##### Listed entries #####

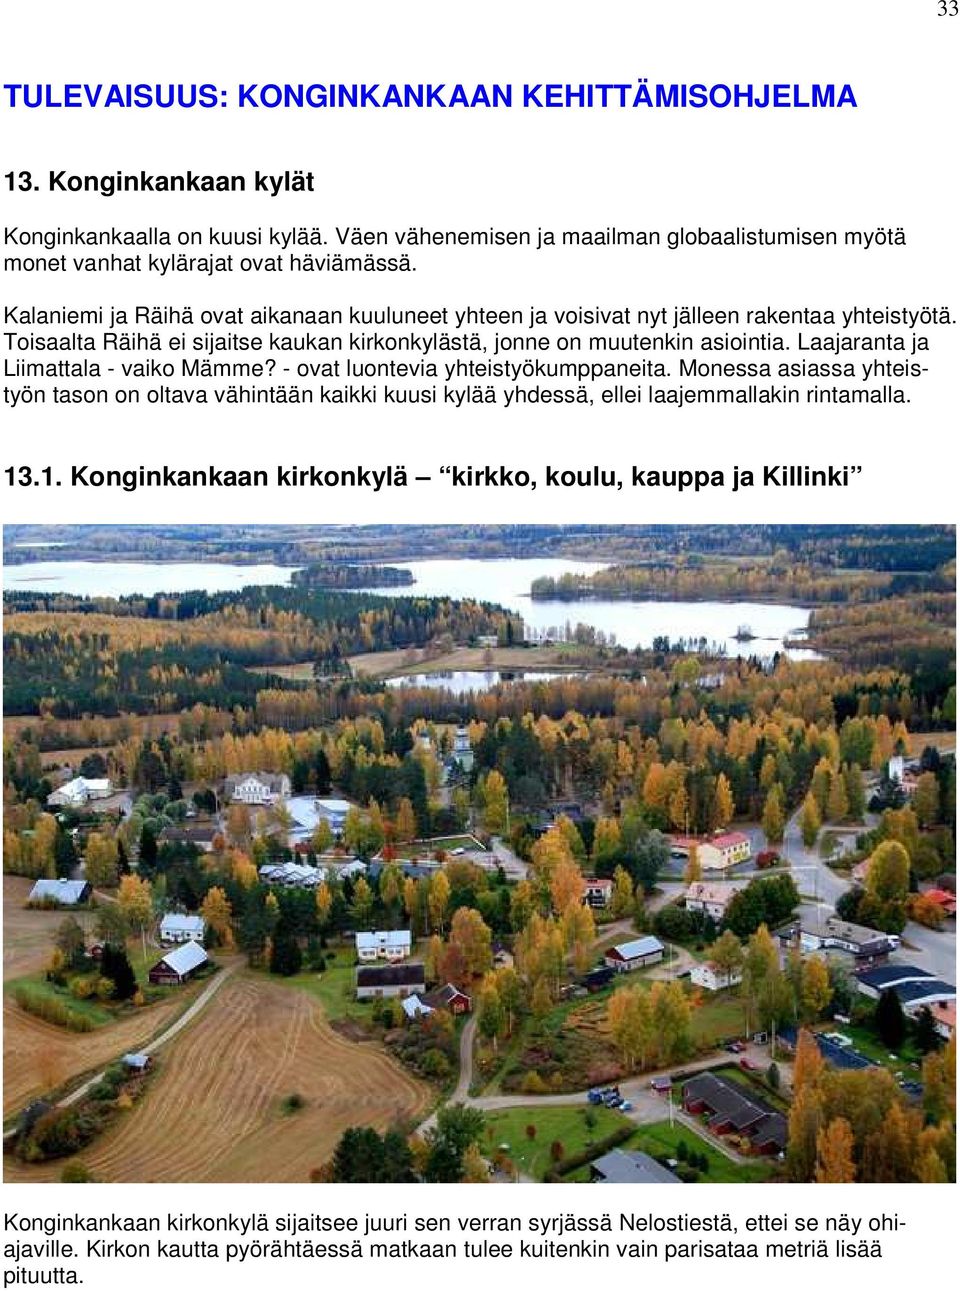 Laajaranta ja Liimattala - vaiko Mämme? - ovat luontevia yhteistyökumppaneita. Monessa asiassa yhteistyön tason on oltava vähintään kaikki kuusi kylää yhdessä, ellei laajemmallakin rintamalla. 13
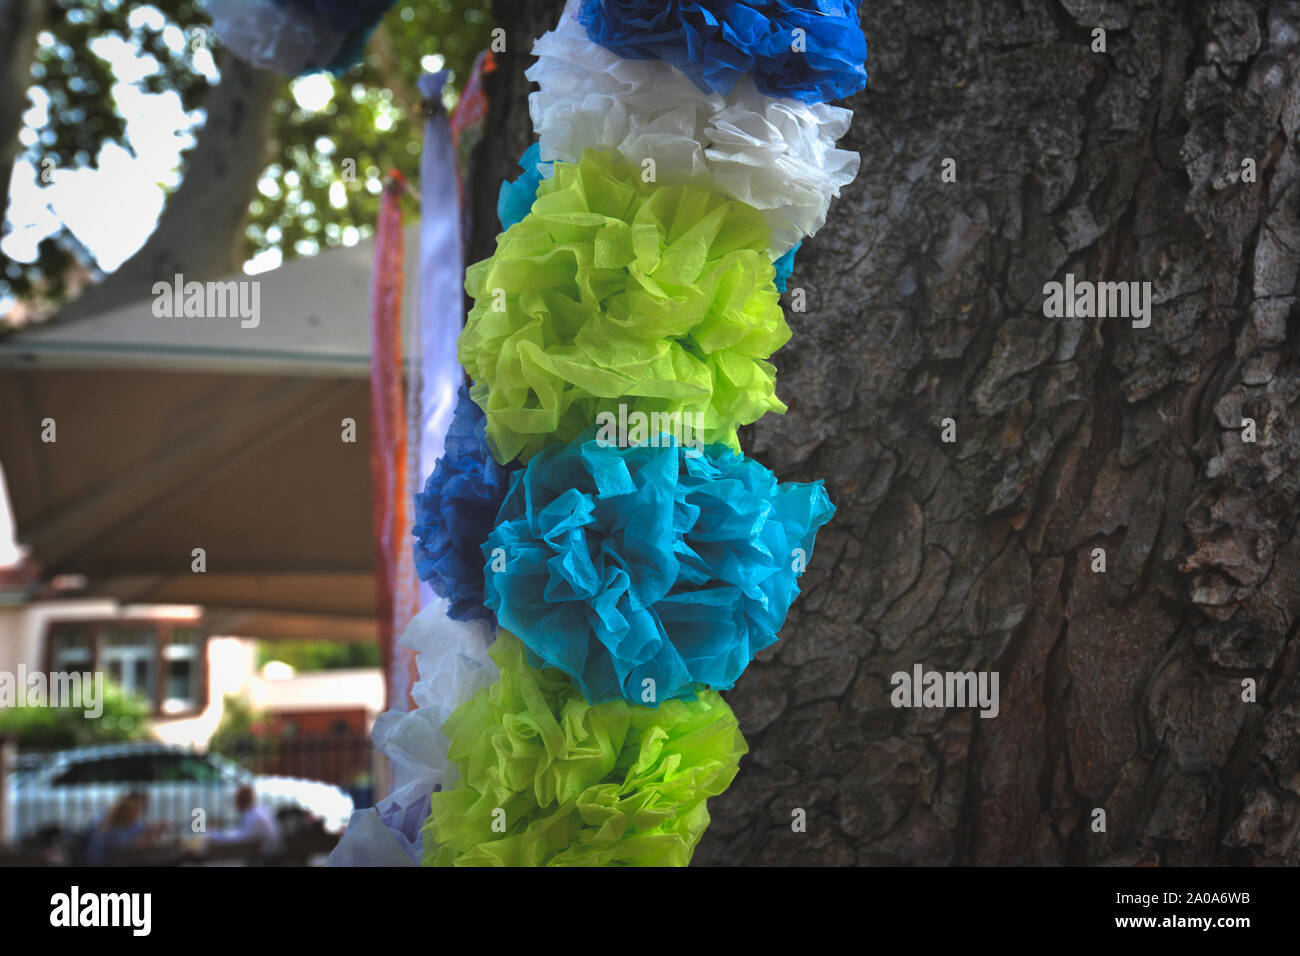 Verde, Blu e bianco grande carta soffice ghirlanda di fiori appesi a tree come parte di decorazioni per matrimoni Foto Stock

#####
##### Listed entries #####

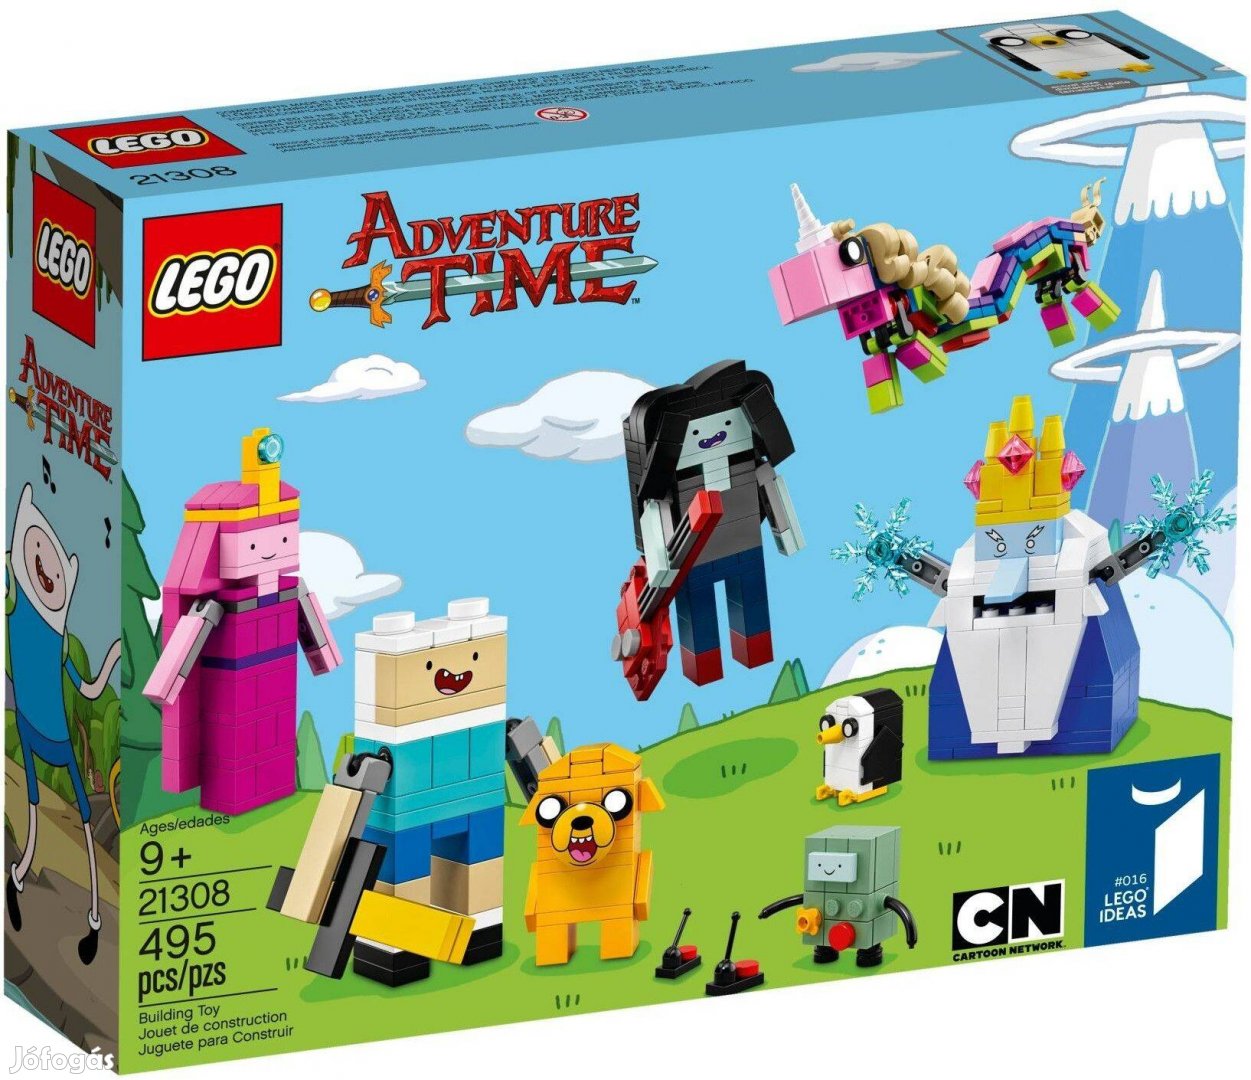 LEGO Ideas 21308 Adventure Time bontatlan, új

#####

◆ What you have to do:
What is needed is an exact copy of the lines above, from the one holding "Laajaranta ja Liimattala" down to the one holding "Verde, Blu e", with those two included and the pictures left out.

◆ Your response:
 Laajaranta ja Liimattala - vaiko Mämme? - ovat luontevia yhteistyökumppaneita. Monessa asiassa yhteistyön tason on oltava vähintään kaikki kuusi kylää yhdessä, ellei laajemmallakin rintamalla. 13
 Verde, Blu e bianco grande carta soffice ghirlanda di fiori appesi a tree come parte di decorazioni per matrimoni Foto Stock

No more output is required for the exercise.